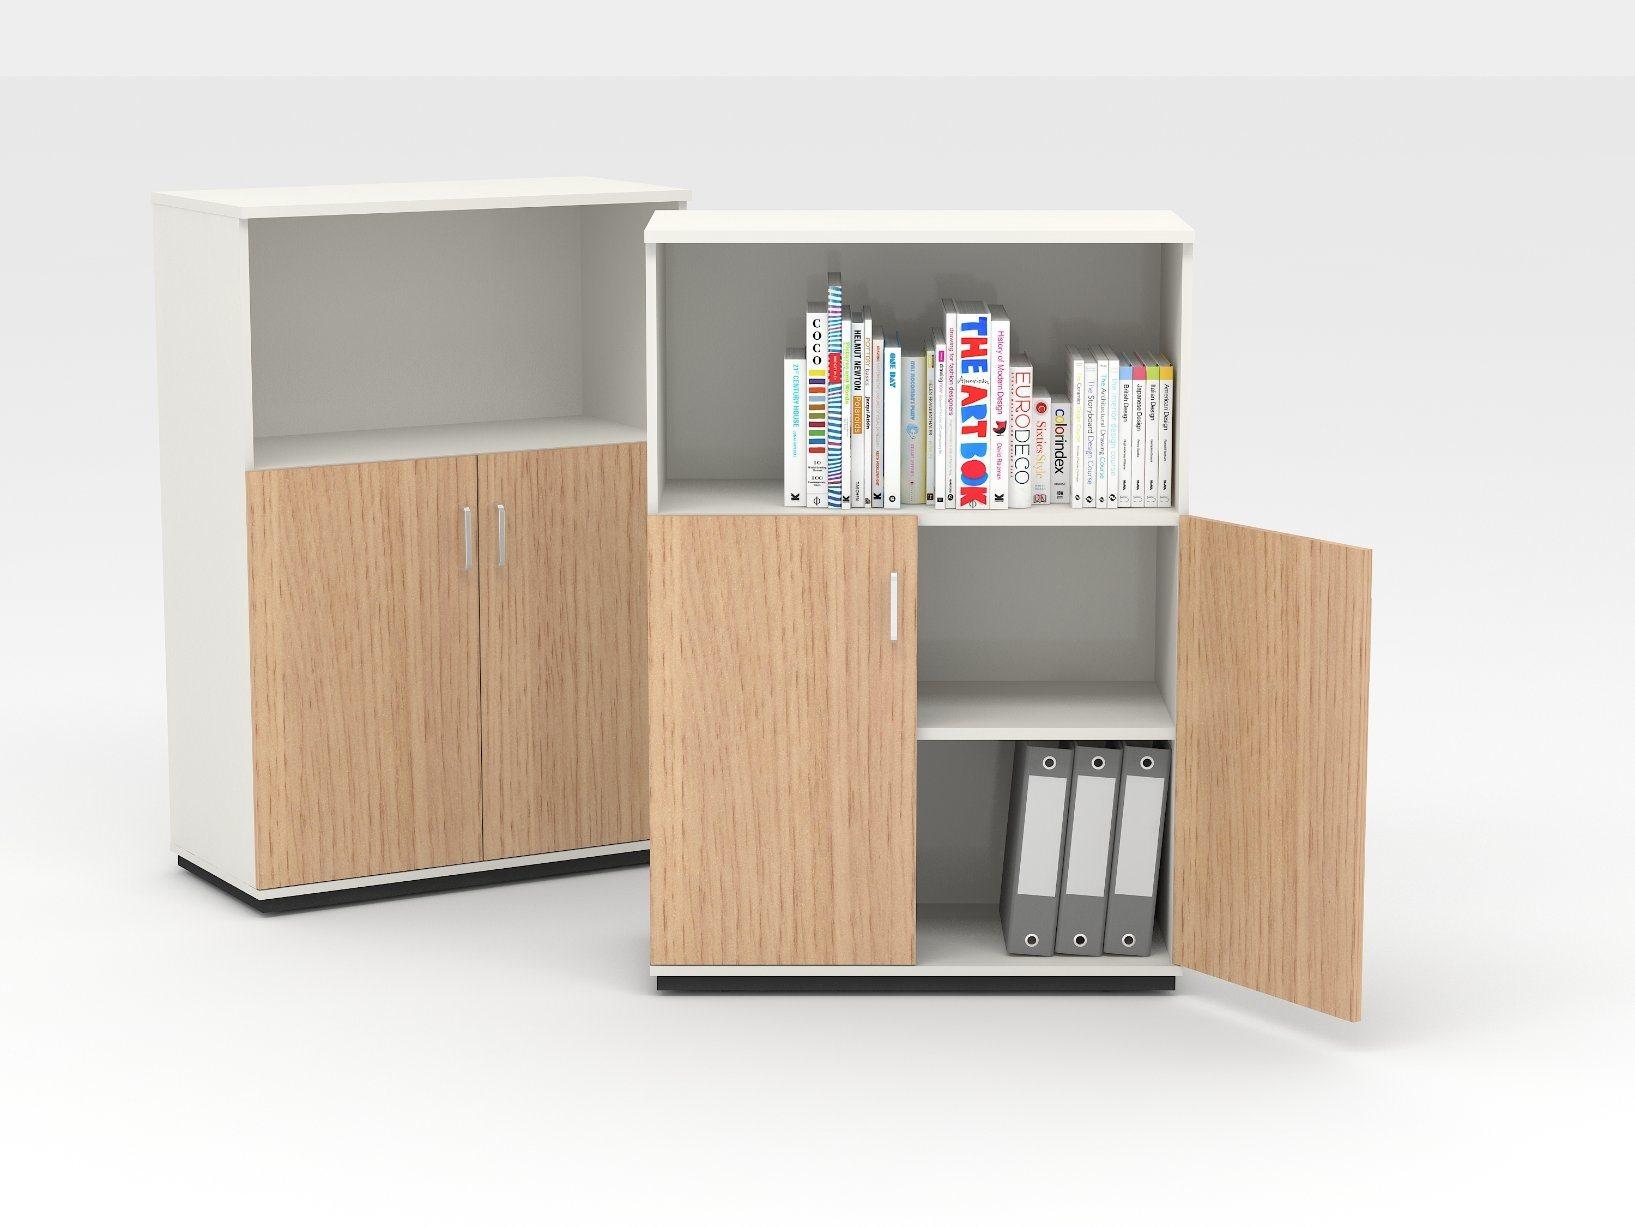 wooden office storage. China 2018 New Office Storage Cabinet Wooden Filing - File Cabinet, Cabinets A
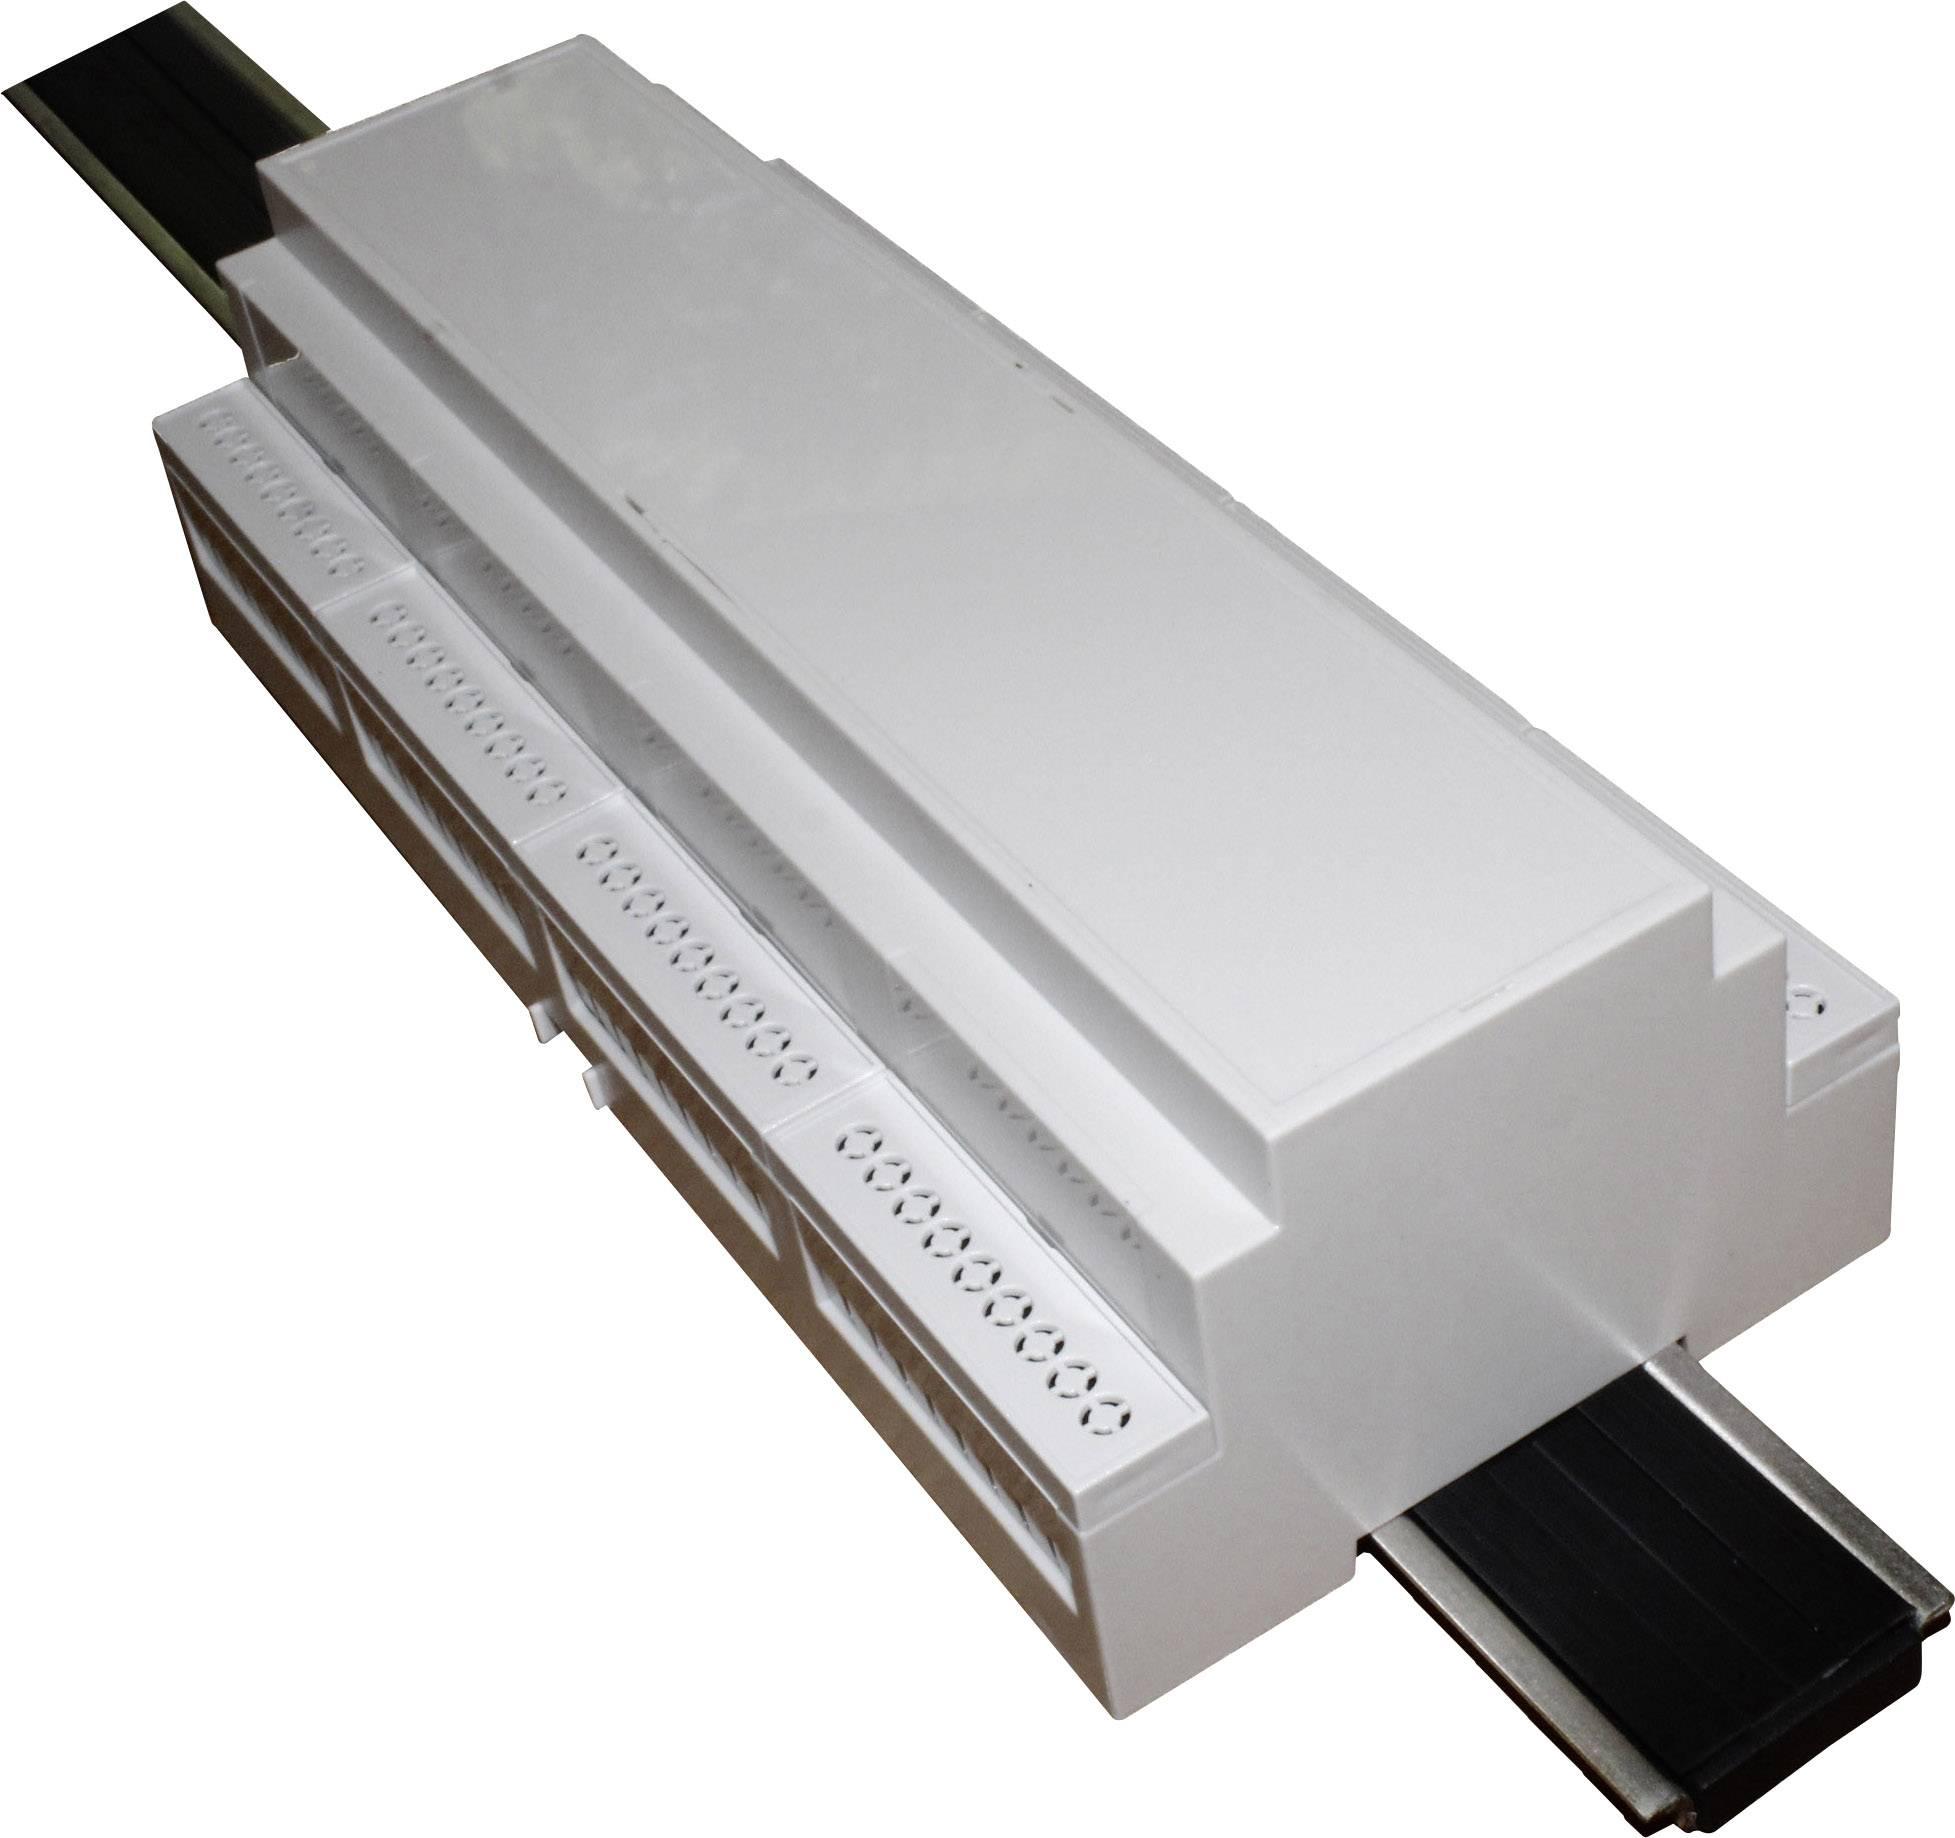 Pouzdro na DIN lištu Axxatronic CNMB/12/KIT/ACTIVE25-CON pro montáž na DIN lištu , 58 x 212 x 90 , polykarbonát, šedá, 1 ks
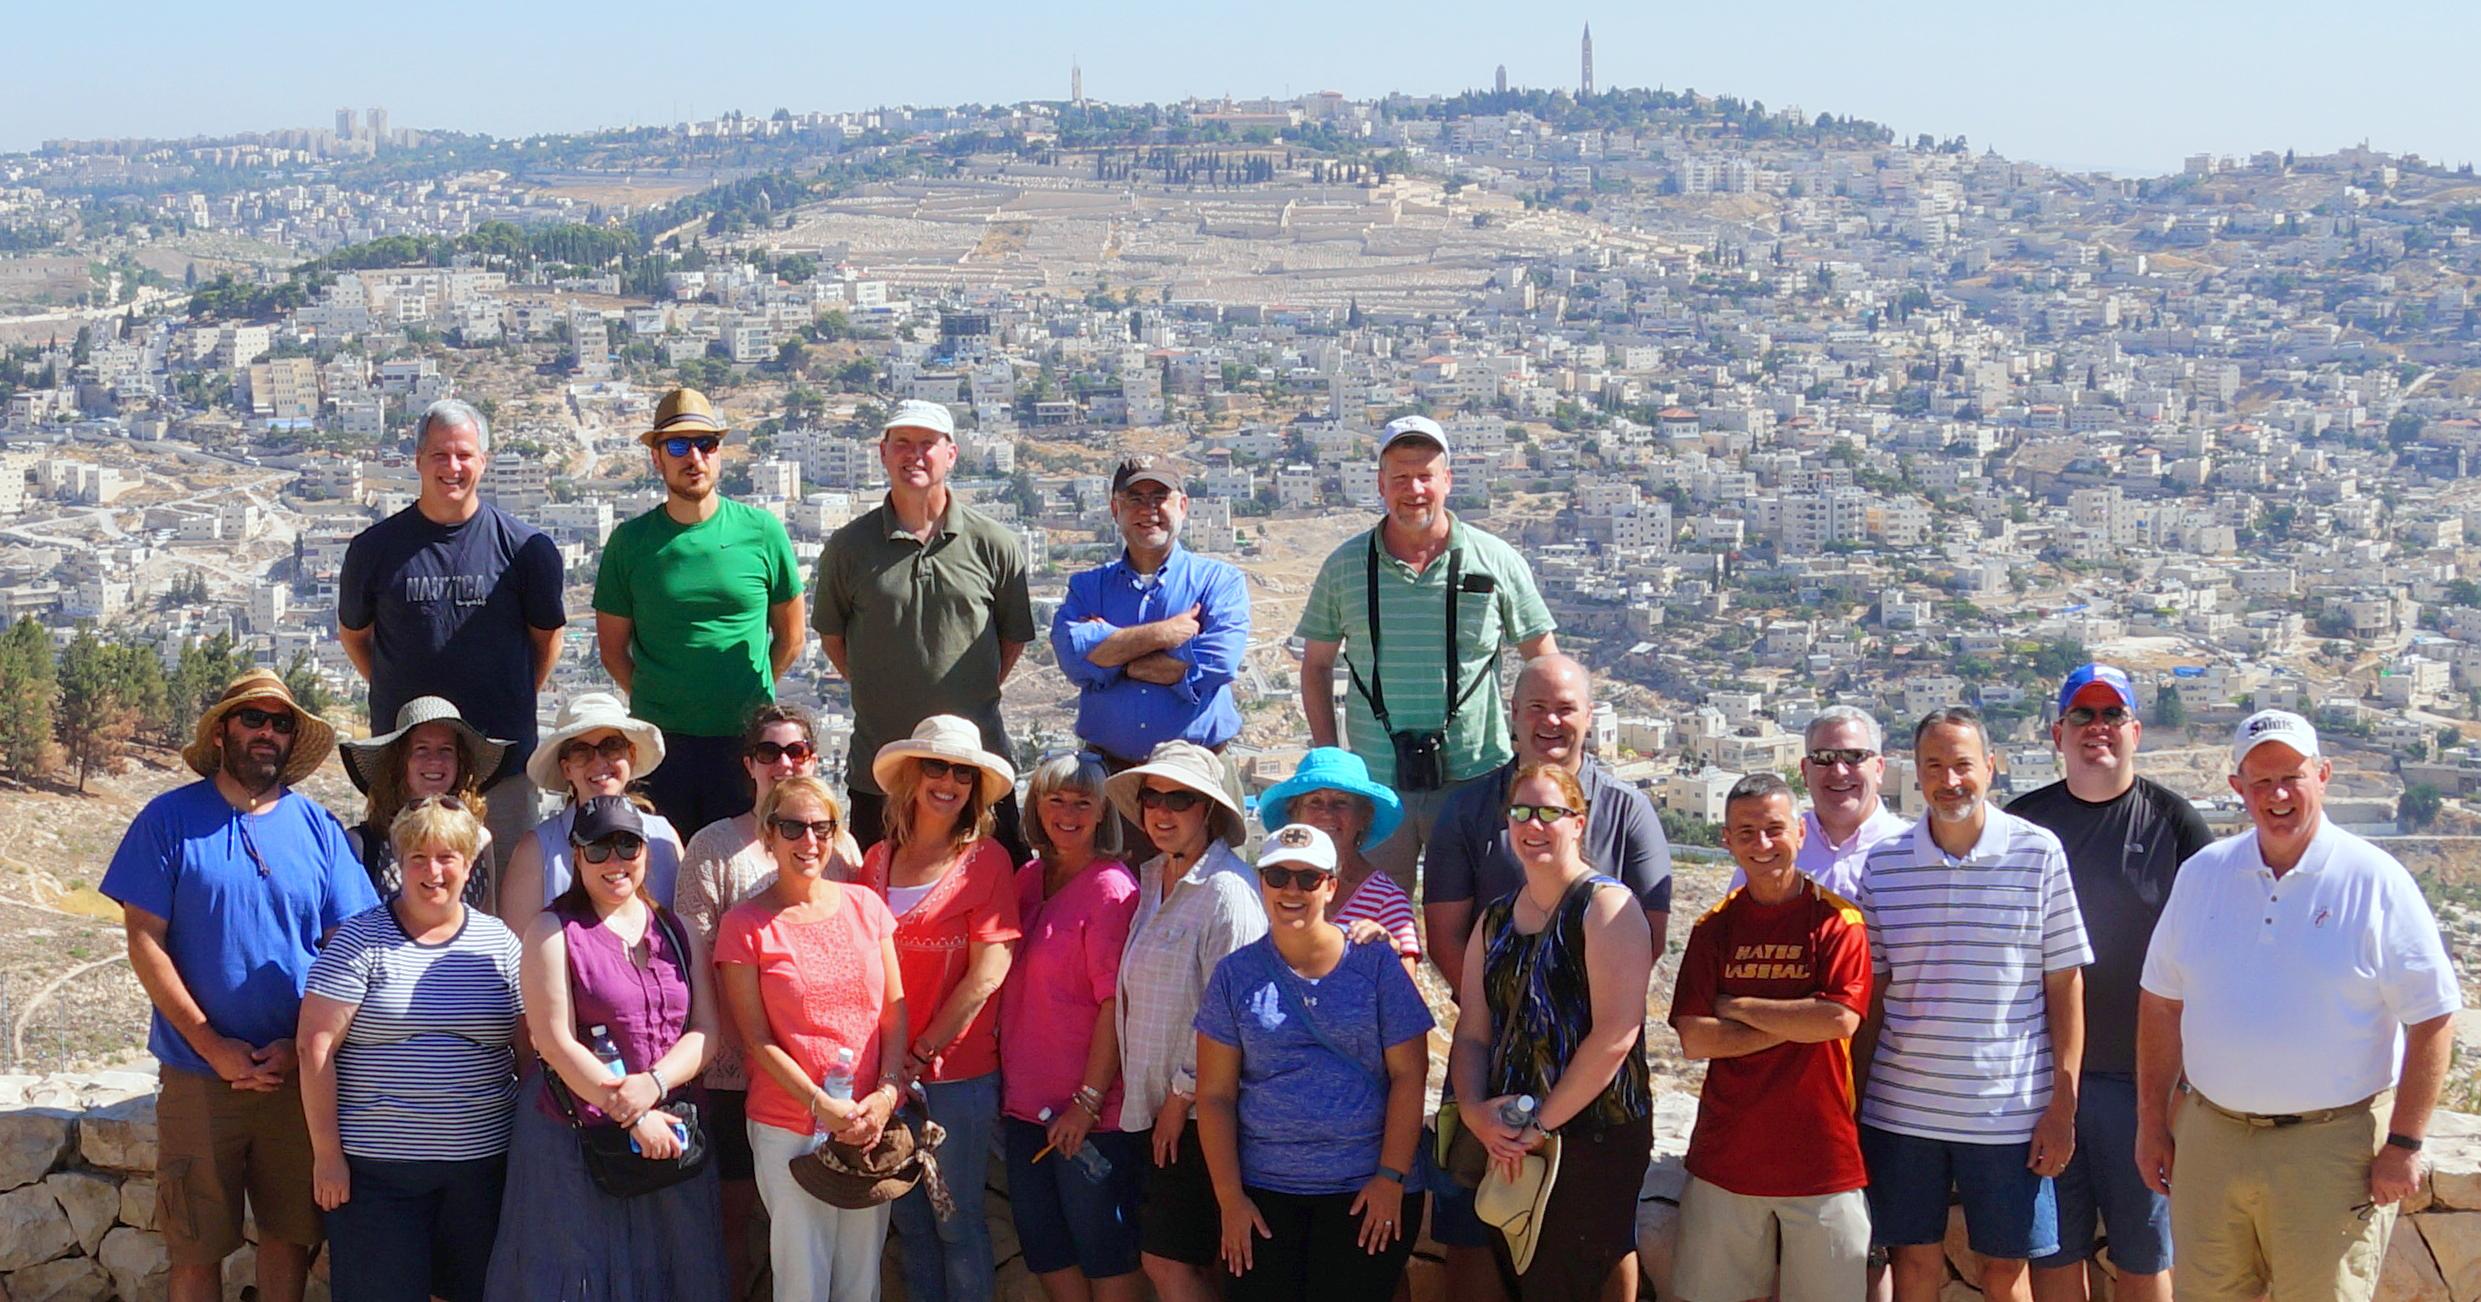 Bearing-Witness-2016-Israel

·····

TASK DIRECTIONS
Extract all the data above exactly, excluding every picture.

WRITTEN RESPONSE
 wooden office storage. China 2018 New Office Storage Cabinet Wooden Filing - File Cabinet, Cabinets A
 Pouzdro na DIN lištu Axxatronic CNMB/12/KIT/ACTIVE25-CON pro montáž na DIN lištu , 58 x 212 x 90 , polykarbonát, šedá, 1 ks
 Bearing-Witness-2016-Israel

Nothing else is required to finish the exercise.